Exercise> Your task is to print all of the data below exactly, with no pictures included.

Dataset section>
==================================================

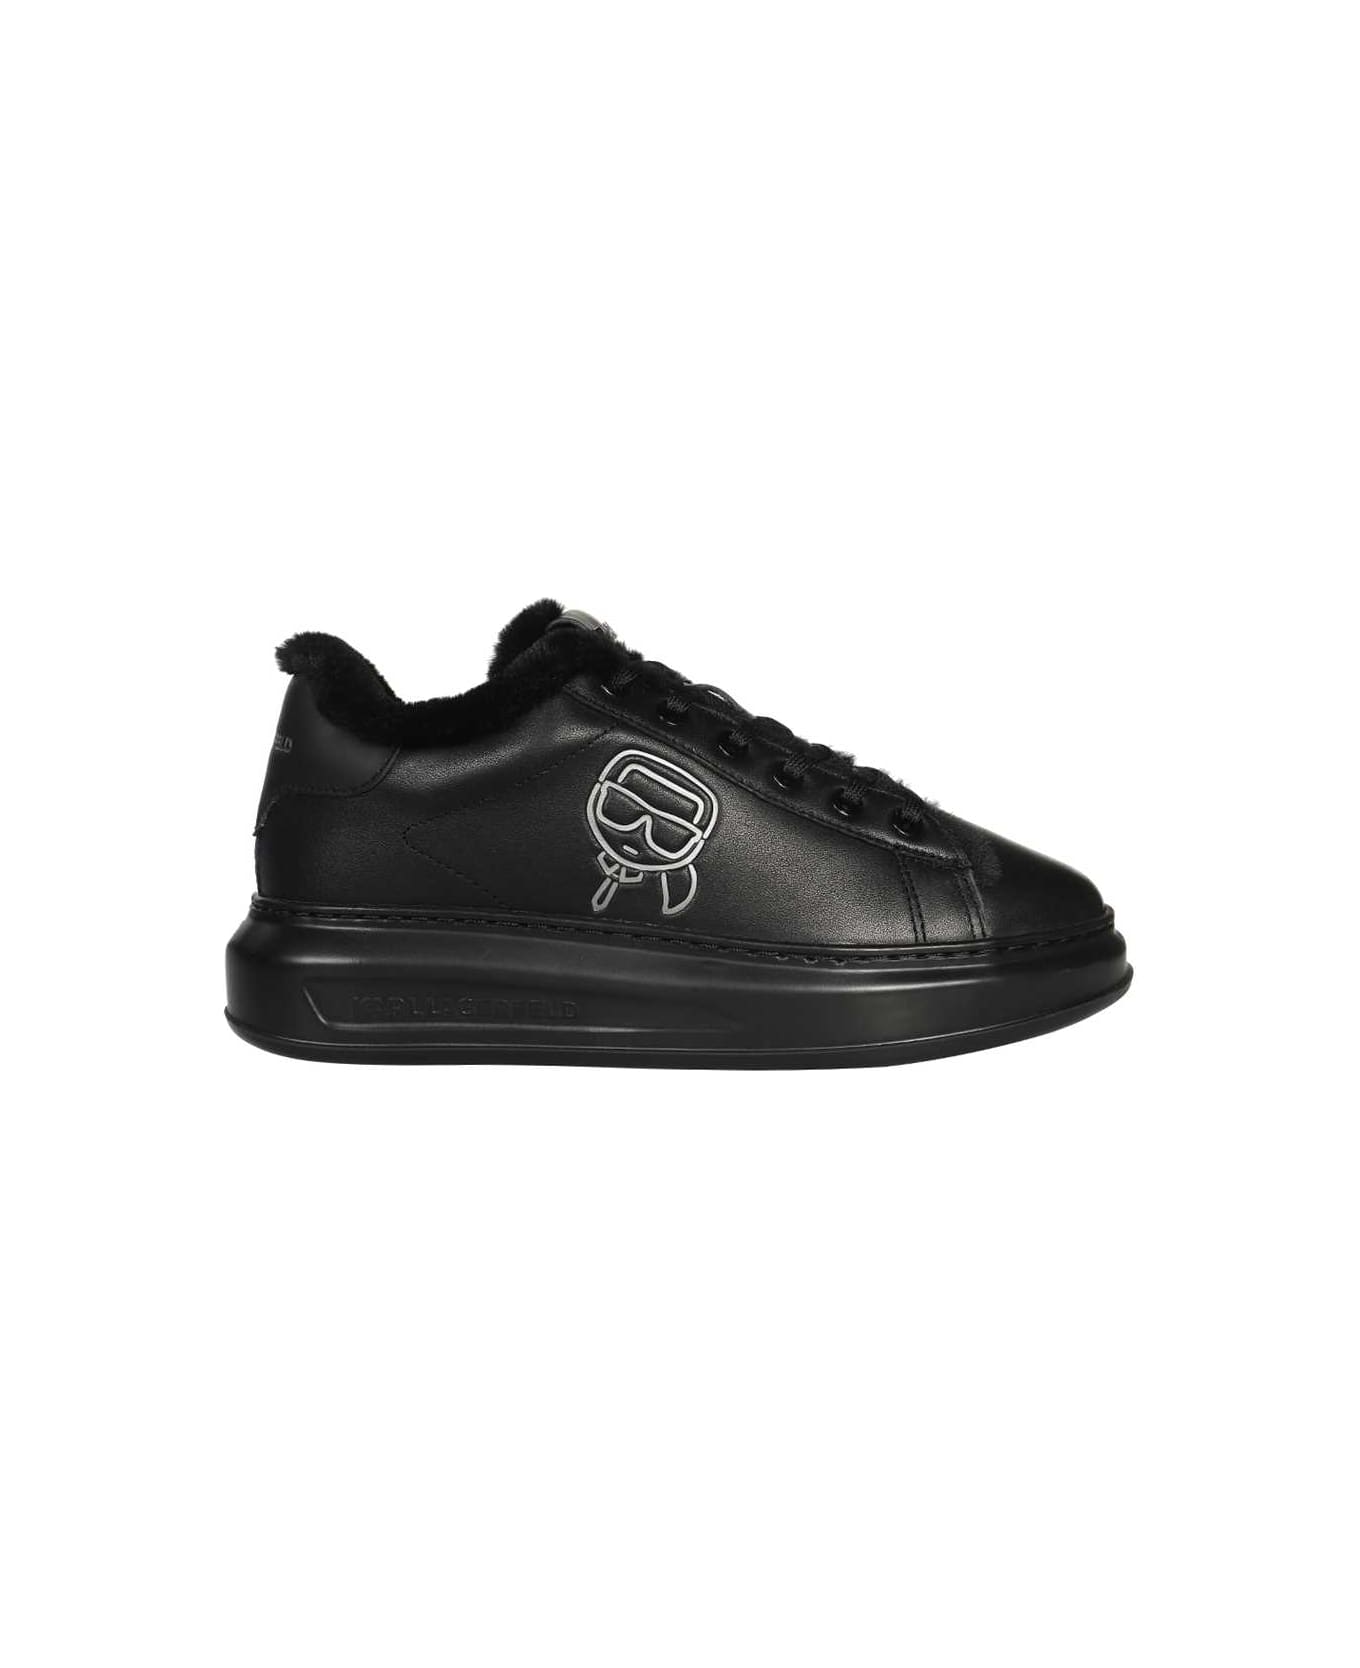 Karl Lagerfeld Low-top Sneakers - black スニーカー
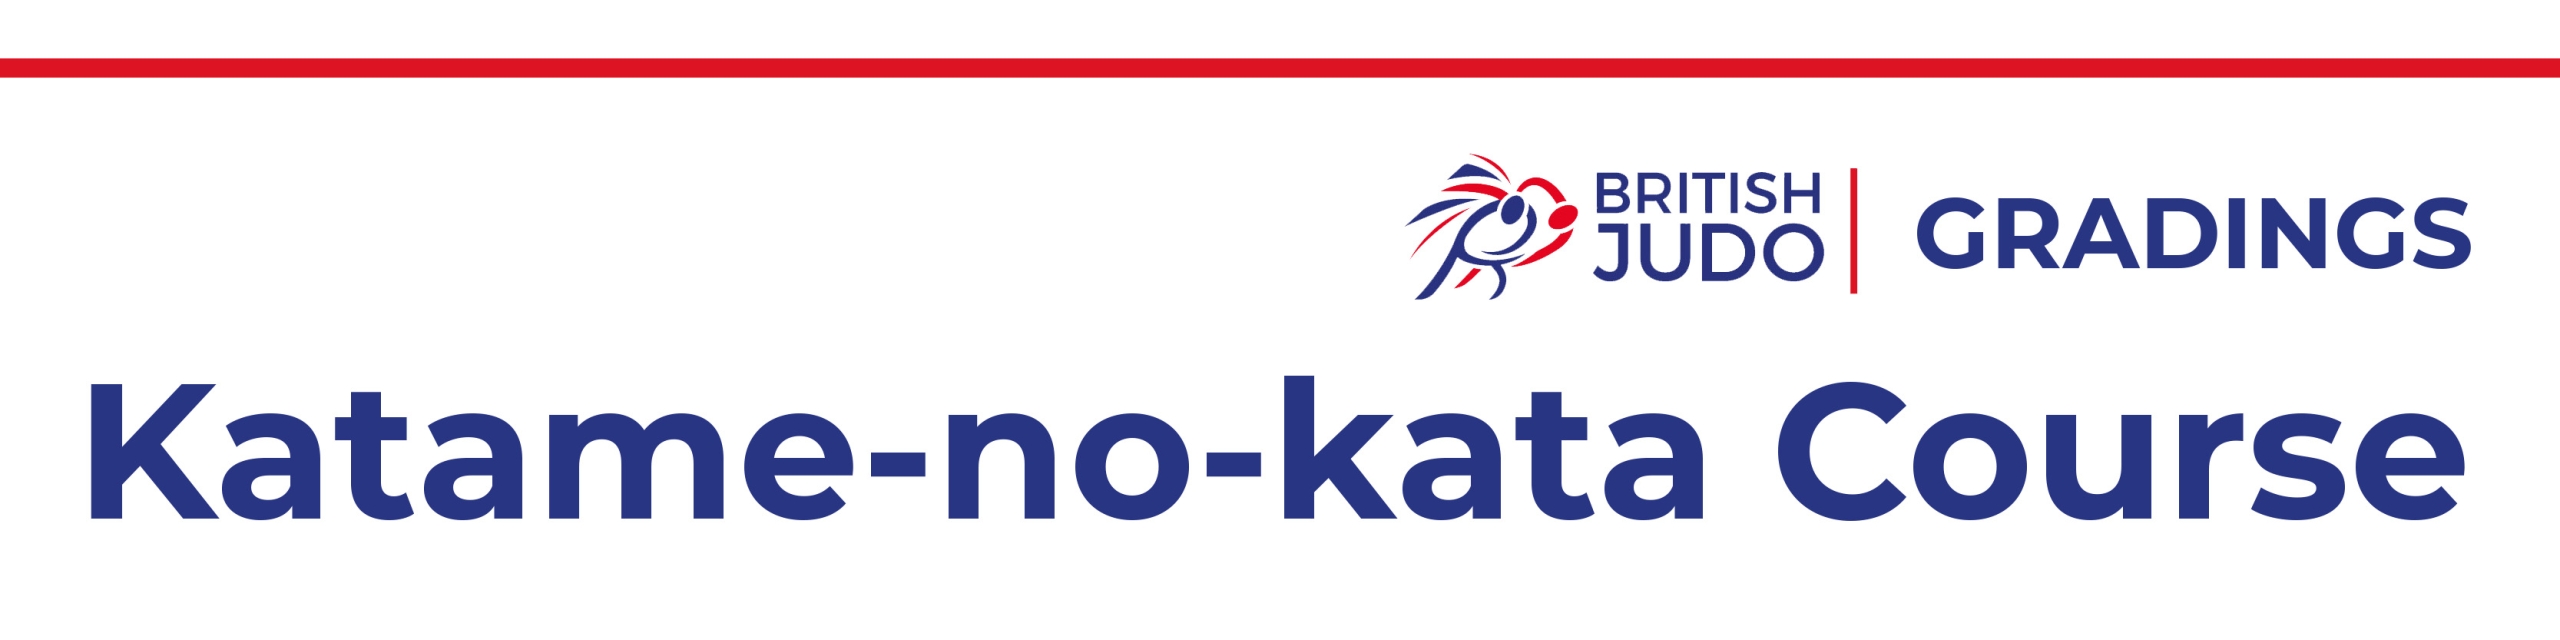 Katame-no-kata course
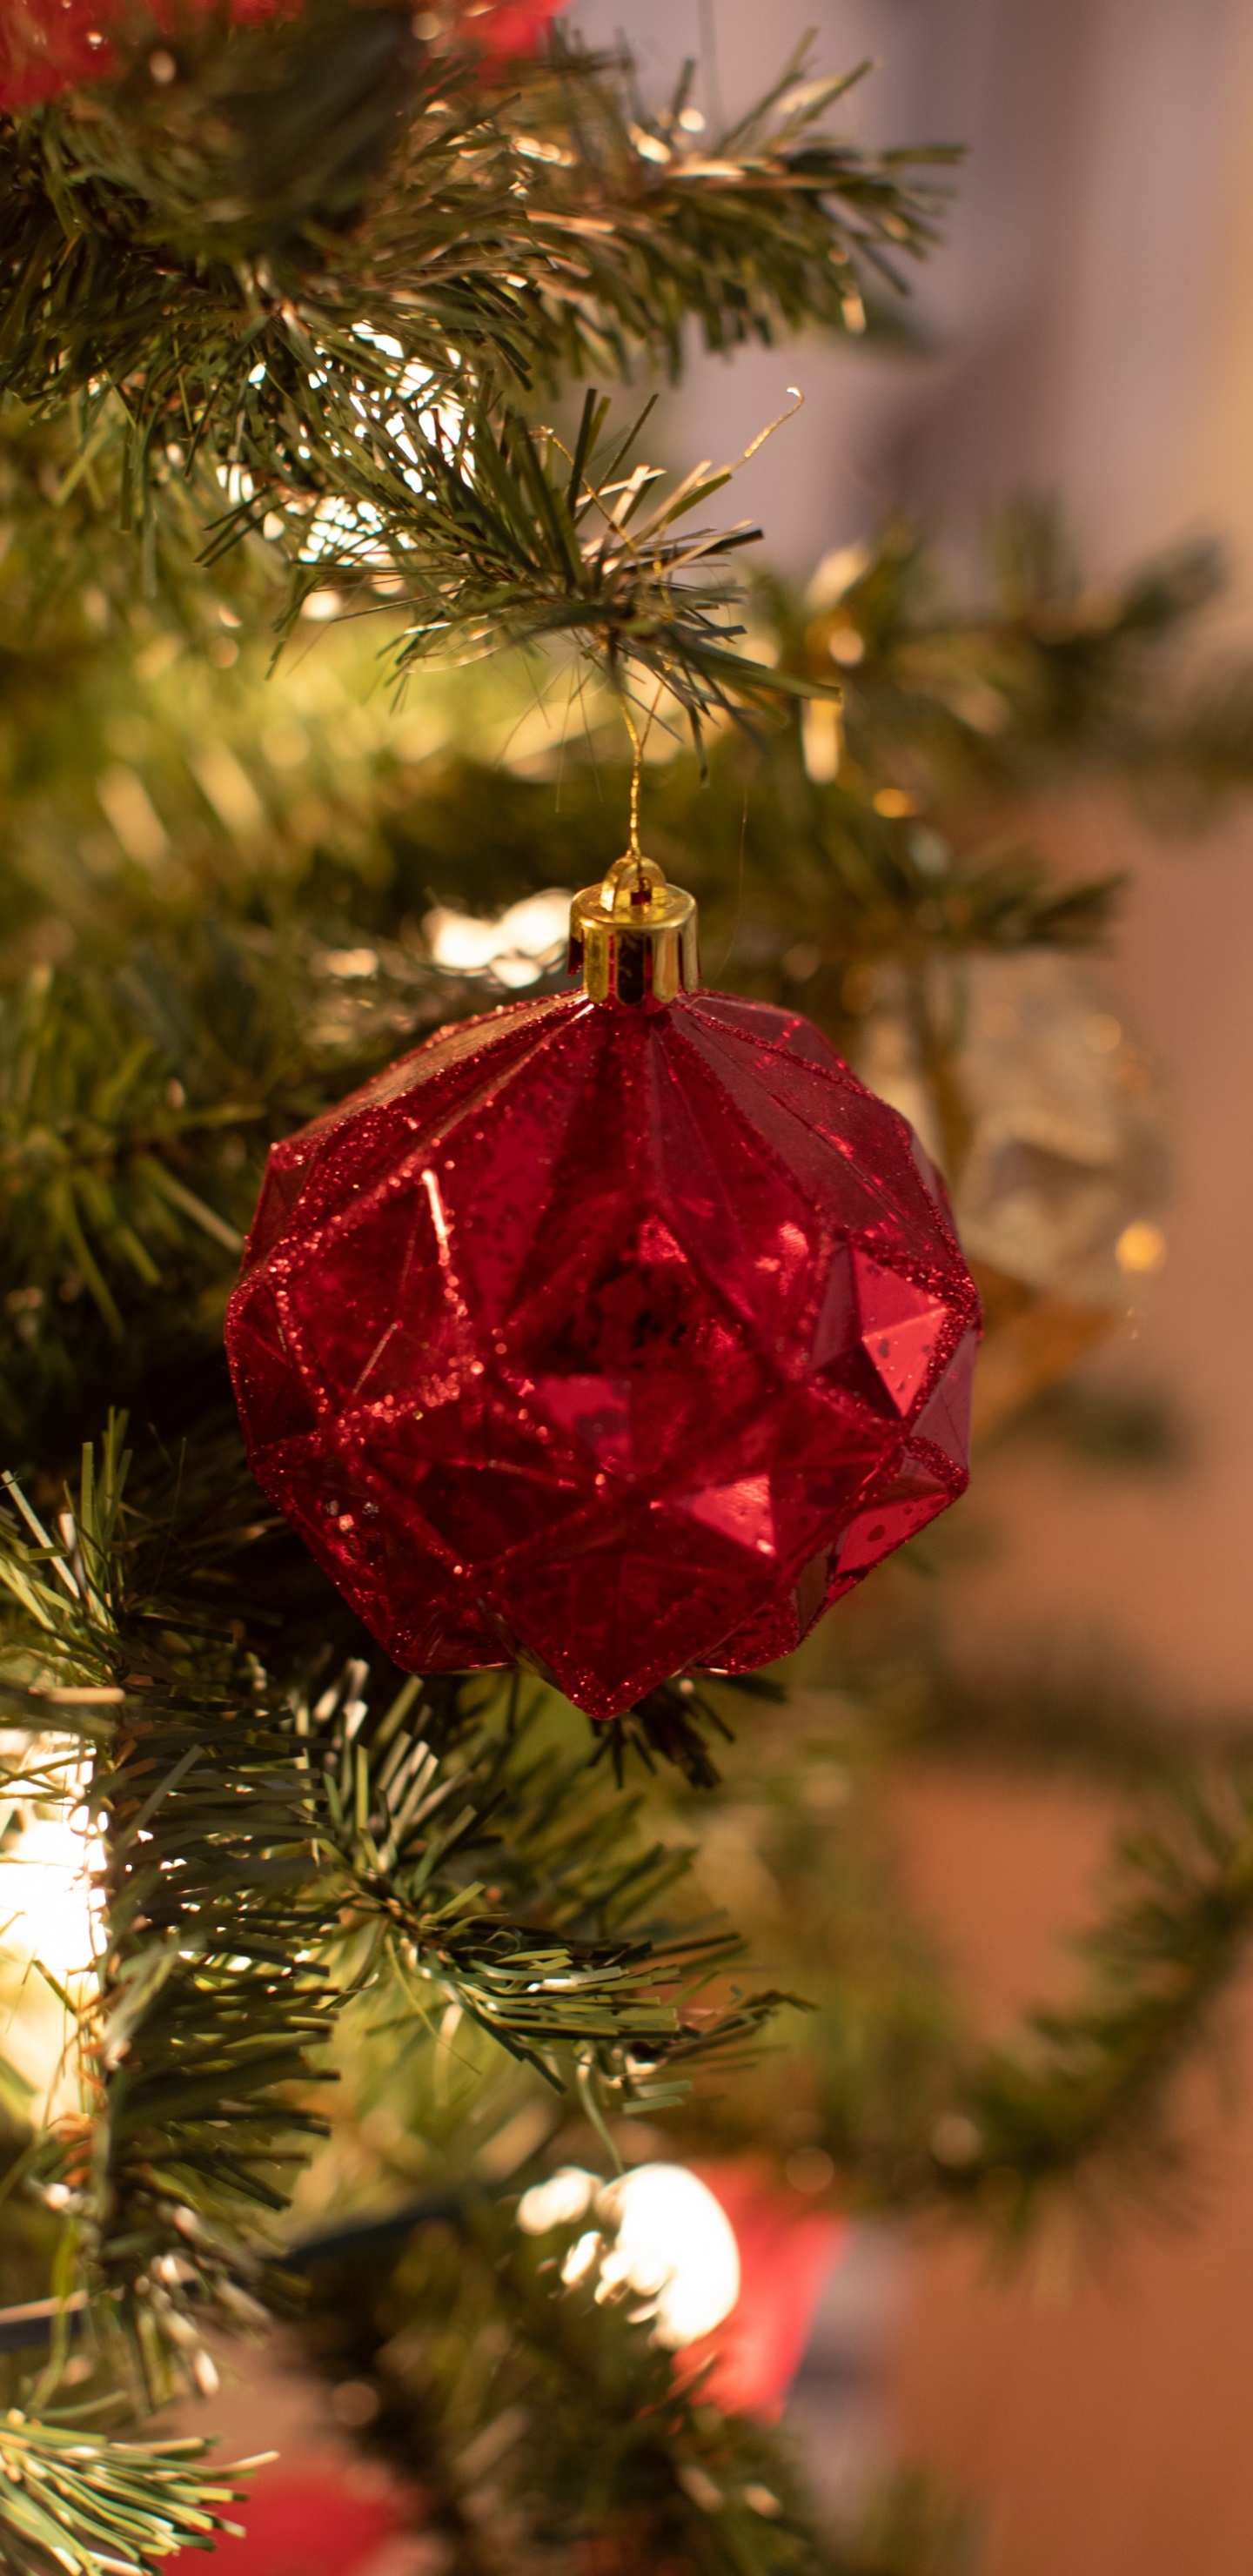 Weihnachten, Weihnachtsbaum, Christmas Ornament, Neujahr, Weihnachtsdekoration. Wallpaper in 1440x2960 Resolution

==================================================

Solution to the exercise>
 Karl Lagerfeld Low-top Sneakers - black スニーカー
 Katame-no-kata course
 Weihnachten, Weihnachtsbaum, Christmas Ornament, Neujahr, Weihnachtsdekoration. Wallpaper in 1440x2960 Resolution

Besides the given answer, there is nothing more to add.